# questions regarding stearic and citric acid



## Emilee (Nov 19, 2009)

just new to the lotion/cream making thing

found some recipes with stearic and citric acid in them as well as the oils, water and emulsifier.

what would be the purpose of adding these 2 things?

also can anyone recommend a good book/books regarding making lotions and creams.  I keep making small amounts of recipes I think would be nice, but keep coming up with question after question, that I think could be answered in a good book.


----------



## topcat (Nov 19, 2009)

I can't recommend a book Emilee - I use Aussie Soap Supplies recipe formulary for anything I want to know - but I do know that stearic thickens an emulsion and citric balances the pH.  HTH!

Tanya


----------



## carolynp (Nov 22, 2009)

emillee wrote

also can anyone recommend a good book/books regarding making lotions and creams.  I keep making small amounts of recipes I think would be nice, but keep coming up with question after question, that I think could be answered in a good book.[/quote]   

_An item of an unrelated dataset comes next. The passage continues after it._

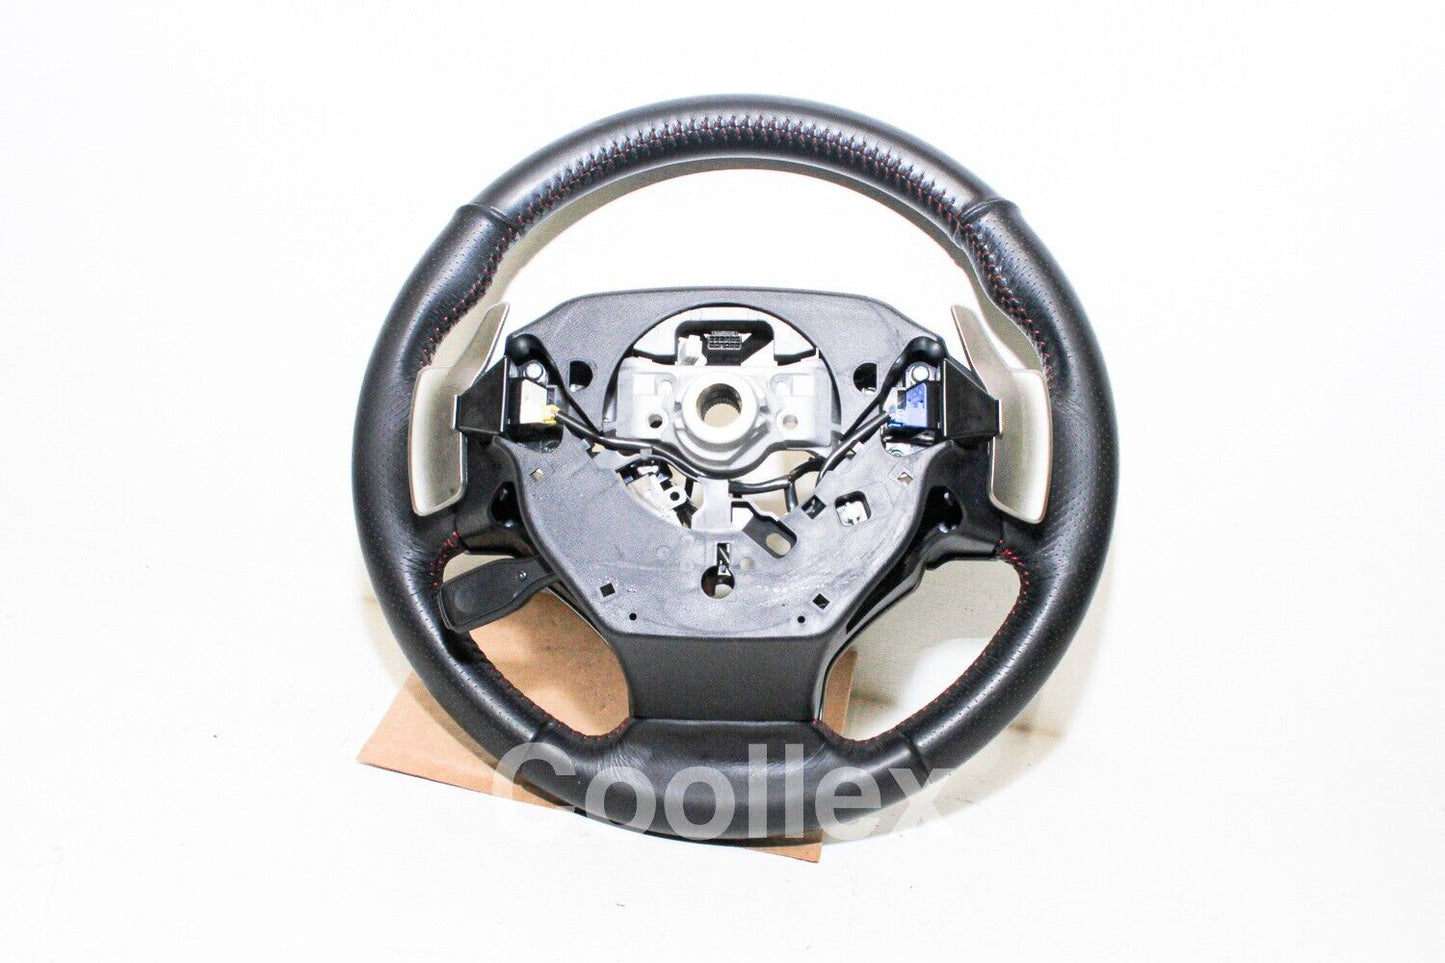 14-17 Lexus Is250 F-Sport Steering Wheel 45100-53471-C1 Oem Used

Bramble berry has a lovely manual that they include with there lotion makeing kits,maybe they would just sell you the book.


----------



## andreabadgley (Nov 22, 2009)

Emillee, I have had this same question - regarding both the books and the stearic/citric acids.  I've tried a couple of lotion recipes, and both separated after a few weeks, so I need to find some good resources for lotion-making.  Topcat and Carolyn, thanks for the leads on that.  Now that we're in a colder, drier climate, I need some serious lotion!


----------



## carebear (Nov 22, 2009)

stearic acid will thicken the lotion
citric acid is used to adjust the pH.


----------